Does anyone know a python sample about medallion architecture in Python? A sample like this one in SQL https://www.databricks.com/notebooks/delta-lake-cdf.html
In the simplest case it's just a bunch of Spark's .readStream
-> some transformations -> .writeStream
(although it's possible to do it in the non-stream fashion, you spend more time on the tracking what has changed, etc.). In the plain Spark + Databricks Autoloader it will be:
# bronze
raw_df = spark.readStream.format("cloudFiles") \
.option("cloudFiles.format", "json") \
.load(input_data)
raw_df.writeStream.format("delta") \
.option("checkpointLocation", bronze_checkpoint) \
.trigger(...) \ # availableNow=True if you want to mimic batch-like processing
.start(bronze_path)
# silver
bronze_df = spark.readStream.load(bronze_path)

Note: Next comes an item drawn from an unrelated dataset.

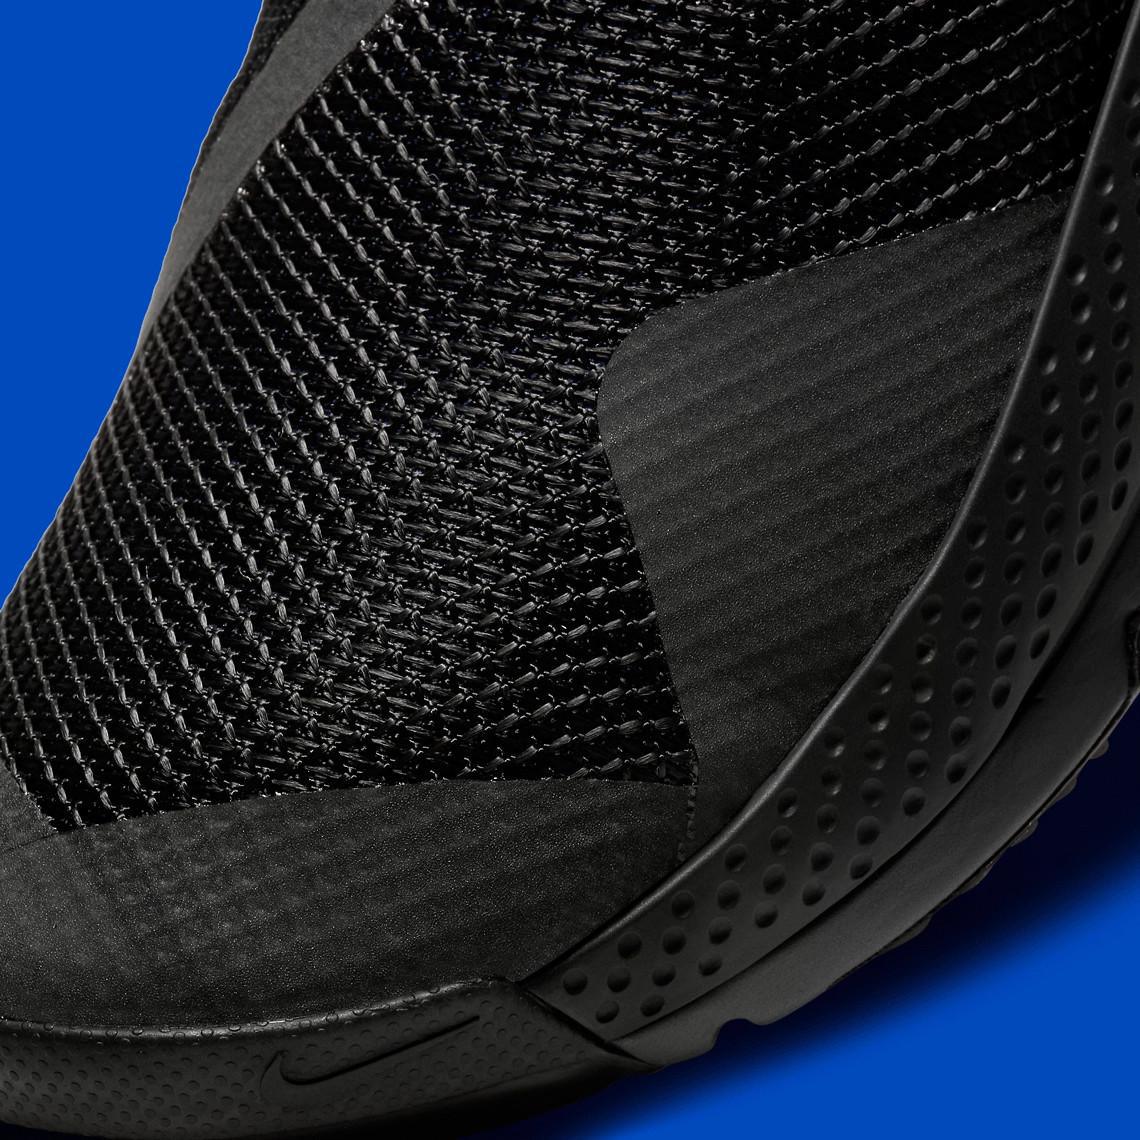 Nike dévoile officiellement la Go FlyEase, sa première véritable chaussure mains libres
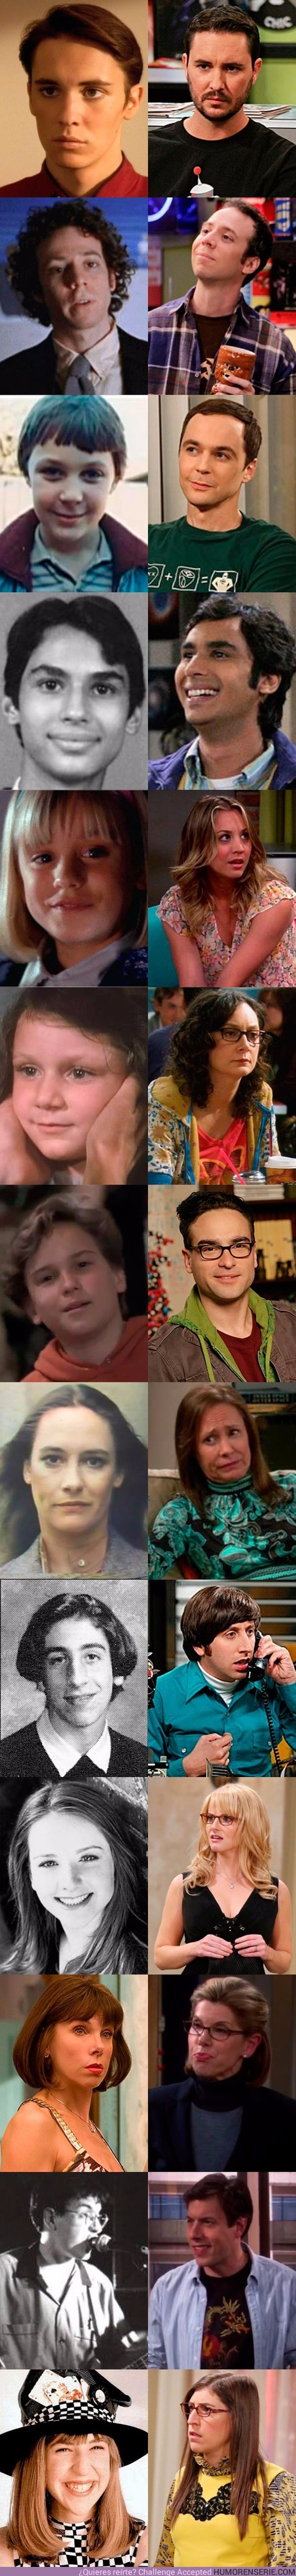 11057 - Así eran los actores de The Big Bang Theory antes de aparecer en la serie

# do transformations on silver_df
silver_df = bronze_df.filter(....)
silver_df.writeStream.format("delta") \
.option("checkpointLocation", silver_checkpoint) \
.trigger(...) \
.start(silver_path)
# gold
silver_df = spark.readStream.load(silver_path)
gold = silver_df.groupBy(...)
But really, it's becoming much simpler if you're using Delta Live Tables - then you concentrate just on transformations, not on the things how to write data, etc. Something like this:
@dlt.table
def bronze():
return spark.readStream.format("cloudFiles") \
.option("cloudFiles.format", "json") \
.load(input_data)
@dlt.table
def silver():
bronze = dlt.read_stream("bronze")
return bronze.filter(...)
@dlt.table
def gold():
silver = dlt.read_stream("silver")
return silver.groupBy(...)